Often, during their useful life, they are found to have security flaws, which could expose our confidential information, serve as gateways to malicious software or give access to criminals with unethical intentions.

To fix these bugs, software manufacturers issue security updates that we need to install to patch discovered security bugs. Are you going to make it easy for criminals using outdated or outdated software or are you one of those who updates and installs security patches? Do you have an update policy?

To avoid security problems you should check and be aware of the existence of updates and security patches for our software. It is also advisable to develop procedures to install them safely and in a controlled way, that is, verifying that they do not cause service interruption or loss of functionality.

What do I need to update?

All software may need to be updated for security reasons, this includes the firmware of electronic equipment, operating systems and computer applications and even the anti-malware programs themselves.

It also affects all types of equipment, including network equipment, videoconferencing equipment, printers, mobile phones and IoT devices. Software manufacturers release updates and patches to improve them, add new functionality and fix security flaws.

If we don’t keep our equipment and applications up to date, we expose ourselves to all kinds of risks.

Out-of-date systems can be used by criminals to break into them and leave them inactive, infect them with any kind of malware such as ransomware, take advantage of their processing capacity to create botnets for criminal purposes or mine cryptocurrencies and steal all kinds of data (access credentials, confidential data, etc.).

How do I know when to update?

First, we need to find a way to be aware of the need to update and patch all our software.

To do this, it is useful to have an inventory of installed software and firmware and manufacturers. If errors or security flaws are discovered, we will have to correct them as the manufacturer tells us in order to guarantee their security.

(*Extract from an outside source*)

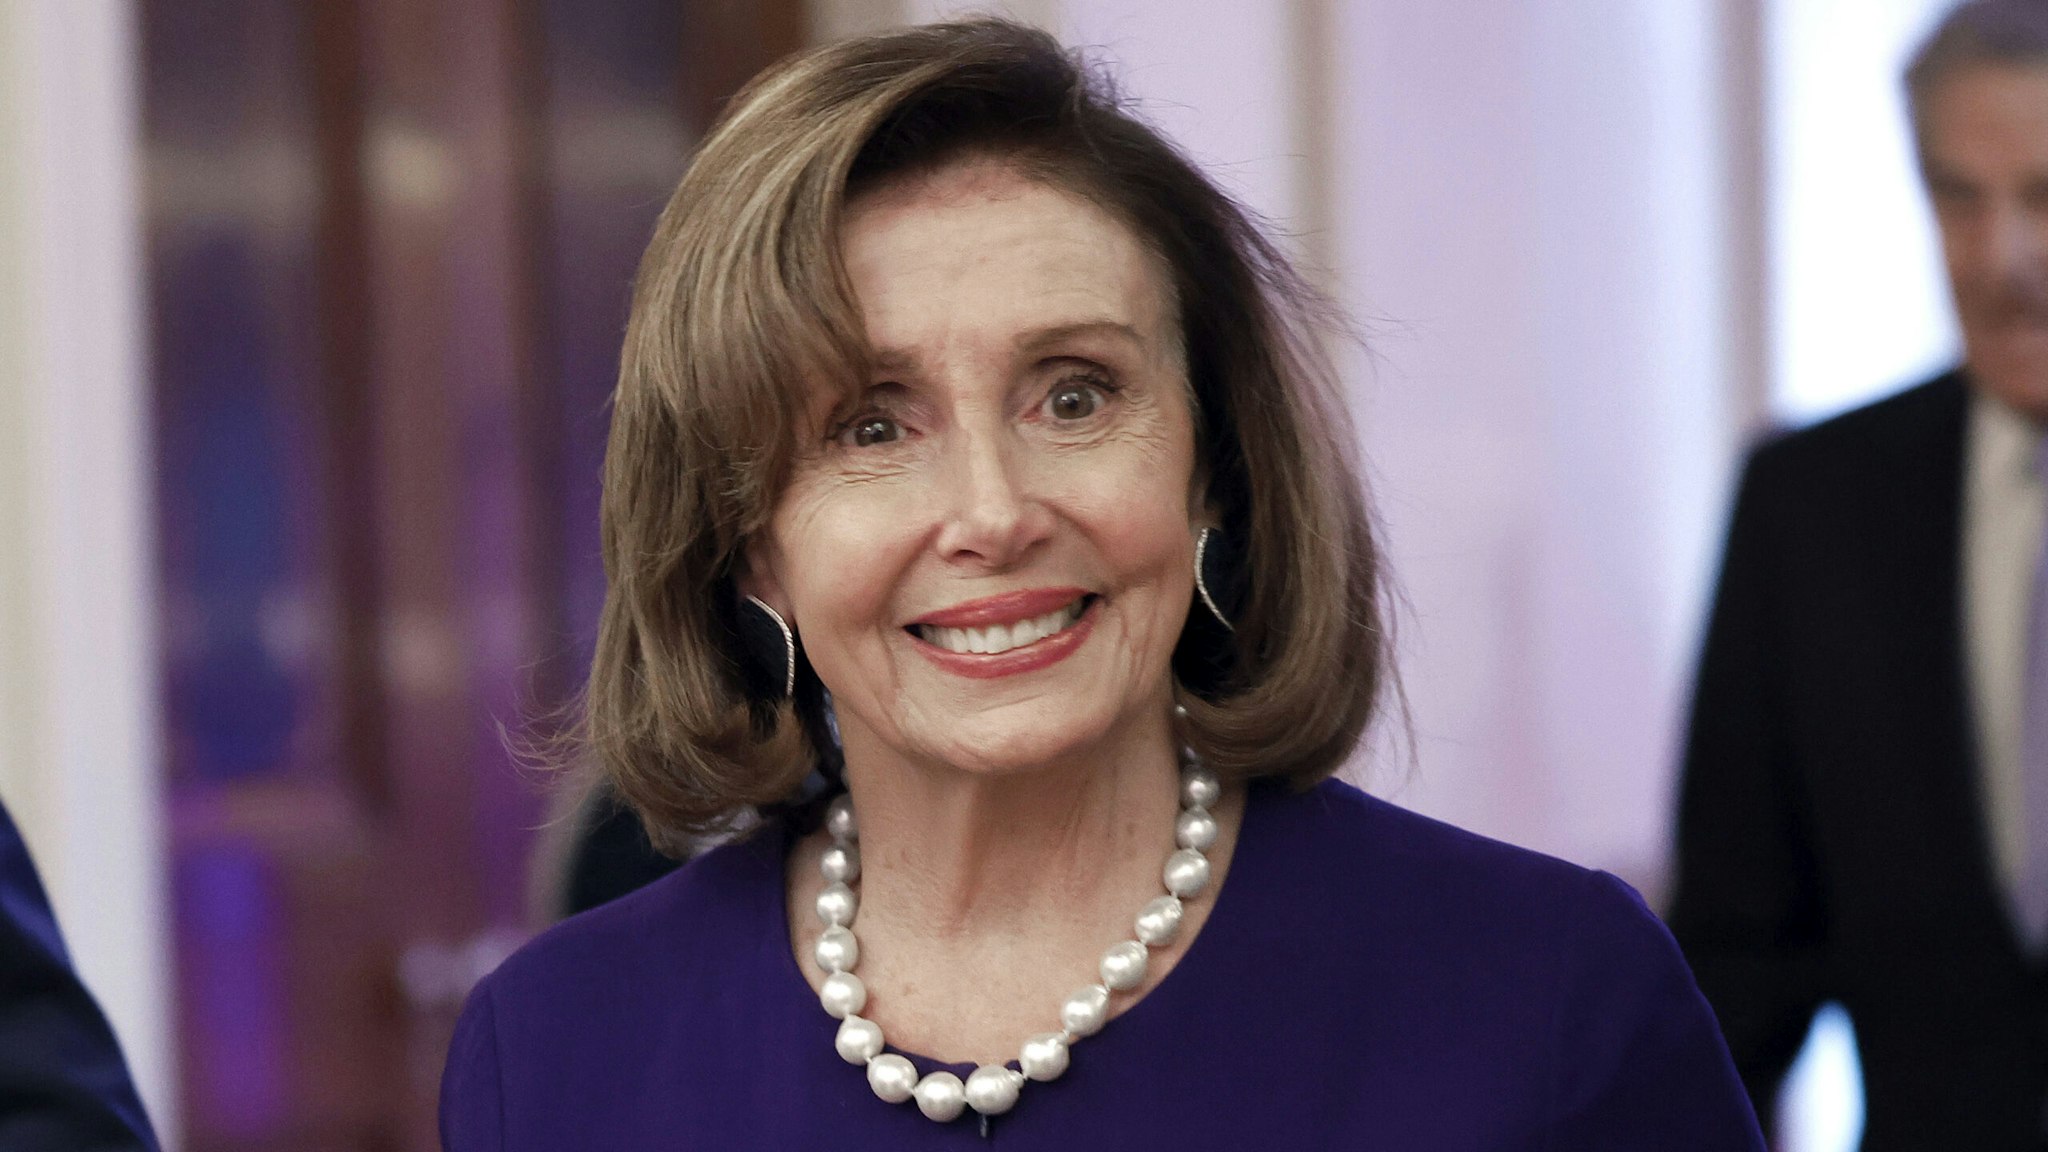 WASHINGTON, DC - MAY 16: Speaker of the House Nancy Pelosi (D-CA) (R) arrives for a reception honoring Greek Prime Minister Kyriakos Mitsotakis and his wife Mareva Mitsotakis in the East Room of the White House on May 16, 2022 in Washington, DC. U.S. President Joe Biden hosted Mitsotakis for bilateral meetings earlier in the day where they talked about allied efforts to "support the people of Ukraine and impose economic costs on Russia for its unprovoked aggression," according to the White House.

Some operating systems and applications include the function of automatic updates that it is advisable to activate. This way the program itself will warn us each time there is an update and will allow us to install it or not at our discretion.

In the cases of manual update we have to visit the manufacturer’s page and obtain from it the update verifying that the page from which we make the download is reliable. In the cases in which we have subcontracted services to third parties, we will also demand that the software is conveniently updated.

It’s also handy to set up an alert system to collect warnings and notifications about vulnerabilities, updates, and security patches for the software used.

On the other hand, there are diagnostic tools (look them up in the Catalogue) that check whether the software on our equipment is up to date or not.

Once the pending updates have been detected, we can proceed to install them in all the equipment in a centralized way. This can be useful in environments with a lot of equipment where we want the software installed to be homogeneous and especially controlled.

What precautions should I take when updating?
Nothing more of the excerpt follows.